◆ What needs to be done
In how many lines of the entries below does "history" appear? Give only the number.

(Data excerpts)
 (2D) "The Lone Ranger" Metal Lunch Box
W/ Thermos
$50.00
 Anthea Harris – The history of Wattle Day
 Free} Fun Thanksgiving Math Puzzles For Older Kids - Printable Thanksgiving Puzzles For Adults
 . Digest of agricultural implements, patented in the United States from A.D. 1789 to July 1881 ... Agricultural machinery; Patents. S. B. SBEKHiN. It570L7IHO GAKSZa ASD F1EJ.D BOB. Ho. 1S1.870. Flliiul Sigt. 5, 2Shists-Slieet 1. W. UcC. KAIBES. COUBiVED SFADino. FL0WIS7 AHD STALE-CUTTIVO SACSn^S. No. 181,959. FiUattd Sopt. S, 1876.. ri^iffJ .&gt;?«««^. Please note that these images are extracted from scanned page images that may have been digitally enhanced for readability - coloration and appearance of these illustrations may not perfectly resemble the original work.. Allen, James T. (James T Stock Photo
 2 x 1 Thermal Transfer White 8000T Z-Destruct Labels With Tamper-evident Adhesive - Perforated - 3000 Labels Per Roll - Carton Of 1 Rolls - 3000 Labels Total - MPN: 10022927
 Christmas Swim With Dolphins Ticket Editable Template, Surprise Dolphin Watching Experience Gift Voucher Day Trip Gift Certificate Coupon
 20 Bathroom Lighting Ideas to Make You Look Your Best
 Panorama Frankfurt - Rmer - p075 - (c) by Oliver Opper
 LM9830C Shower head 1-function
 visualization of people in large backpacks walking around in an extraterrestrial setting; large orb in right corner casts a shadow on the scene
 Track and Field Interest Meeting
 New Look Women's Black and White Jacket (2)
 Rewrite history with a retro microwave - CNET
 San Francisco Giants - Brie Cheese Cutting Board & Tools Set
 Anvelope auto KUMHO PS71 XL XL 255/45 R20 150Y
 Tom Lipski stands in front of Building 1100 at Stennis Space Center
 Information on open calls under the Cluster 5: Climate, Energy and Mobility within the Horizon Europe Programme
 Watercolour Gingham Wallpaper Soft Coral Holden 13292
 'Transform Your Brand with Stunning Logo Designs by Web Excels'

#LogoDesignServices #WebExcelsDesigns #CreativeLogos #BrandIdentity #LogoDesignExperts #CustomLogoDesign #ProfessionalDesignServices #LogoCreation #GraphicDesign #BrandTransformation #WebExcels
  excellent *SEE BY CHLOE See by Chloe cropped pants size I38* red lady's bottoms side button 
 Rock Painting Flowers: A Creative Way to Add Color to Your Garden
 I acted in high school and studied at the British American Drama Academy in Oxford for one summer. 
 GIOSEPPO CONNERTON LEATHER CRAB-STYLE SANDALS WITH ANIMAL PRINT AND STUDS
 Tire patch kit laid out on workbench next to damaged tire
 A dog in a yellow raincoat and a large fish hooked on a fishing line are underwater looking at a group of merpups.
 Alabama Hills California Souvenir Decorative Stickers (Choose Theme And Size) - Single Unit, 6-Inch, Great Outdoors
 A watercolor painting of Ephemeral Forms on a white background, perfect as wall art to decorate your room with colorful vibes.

◆ Response box
2